» TASK PROMPT:
Pictures in the records below must be left out. Return exactly the lines from the line with "Shadows_lord_juco_bohemia_lynch" to the line with "Ciel bleu matin", both included.

---------- SOURCE RECORDS

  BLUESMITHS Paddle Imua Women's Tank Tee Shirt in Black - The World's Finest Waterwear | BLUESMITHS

--------------------
---------- SOURCE RECORDS

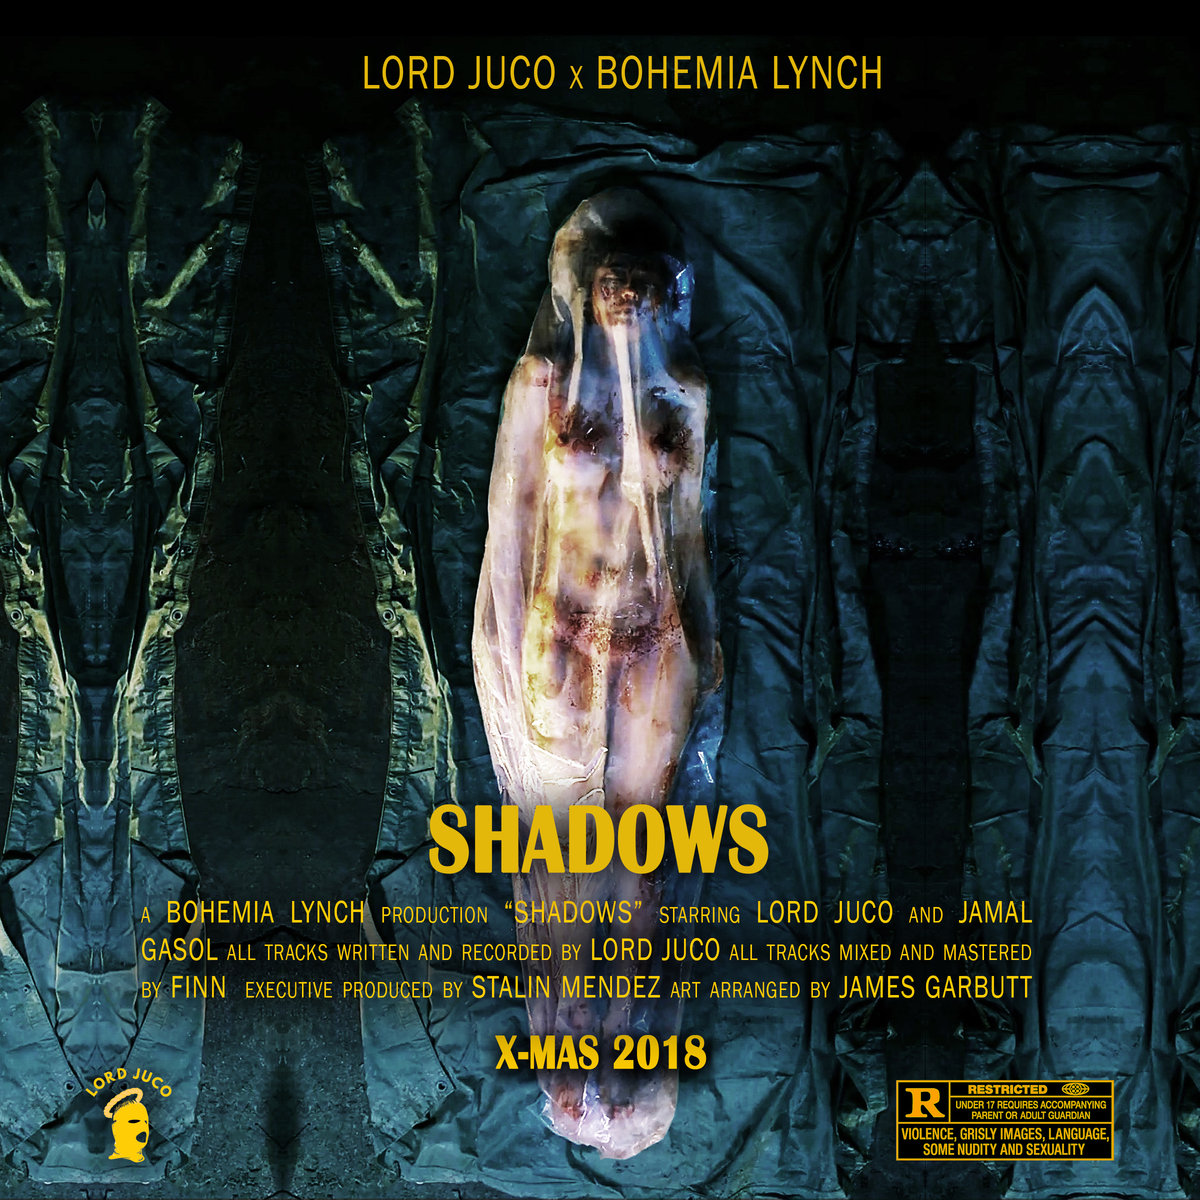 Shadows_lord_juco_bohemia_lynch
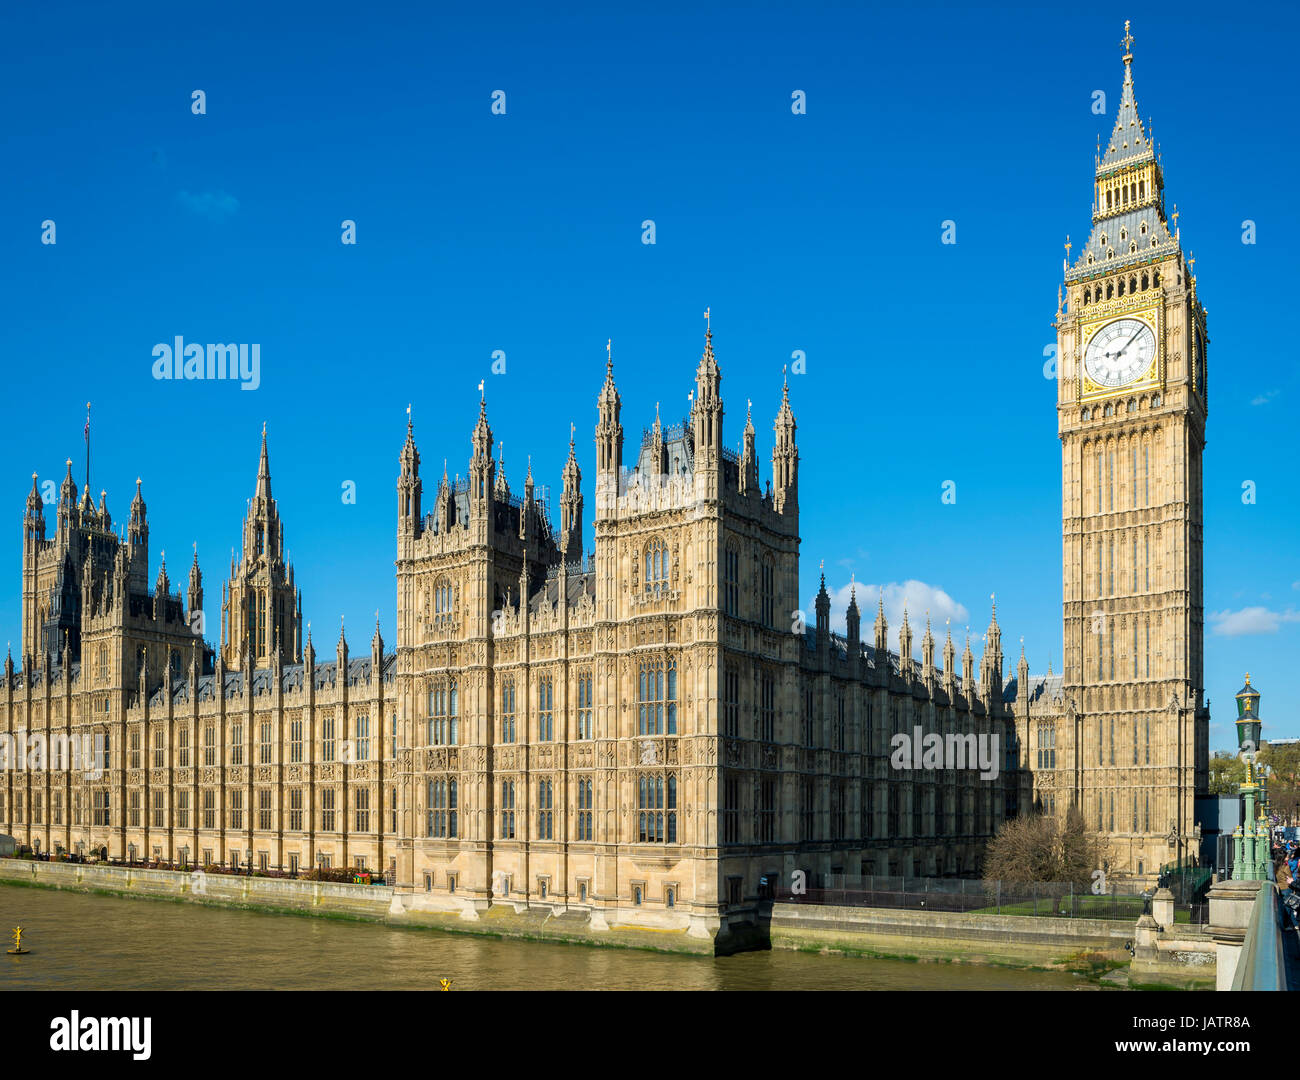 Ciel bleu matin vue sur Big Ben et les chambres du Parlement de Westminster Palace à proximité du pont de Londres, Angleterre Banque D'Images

--------------------

» RESPONSE BELOW:
 Shadows_lord_juco_bohemia_lynch
 Ciel bleu matin vue sur Big Ben et les chambres du Parlement de Westminster Palace à proximité du pont de Londres, Angleterre Banque D'Images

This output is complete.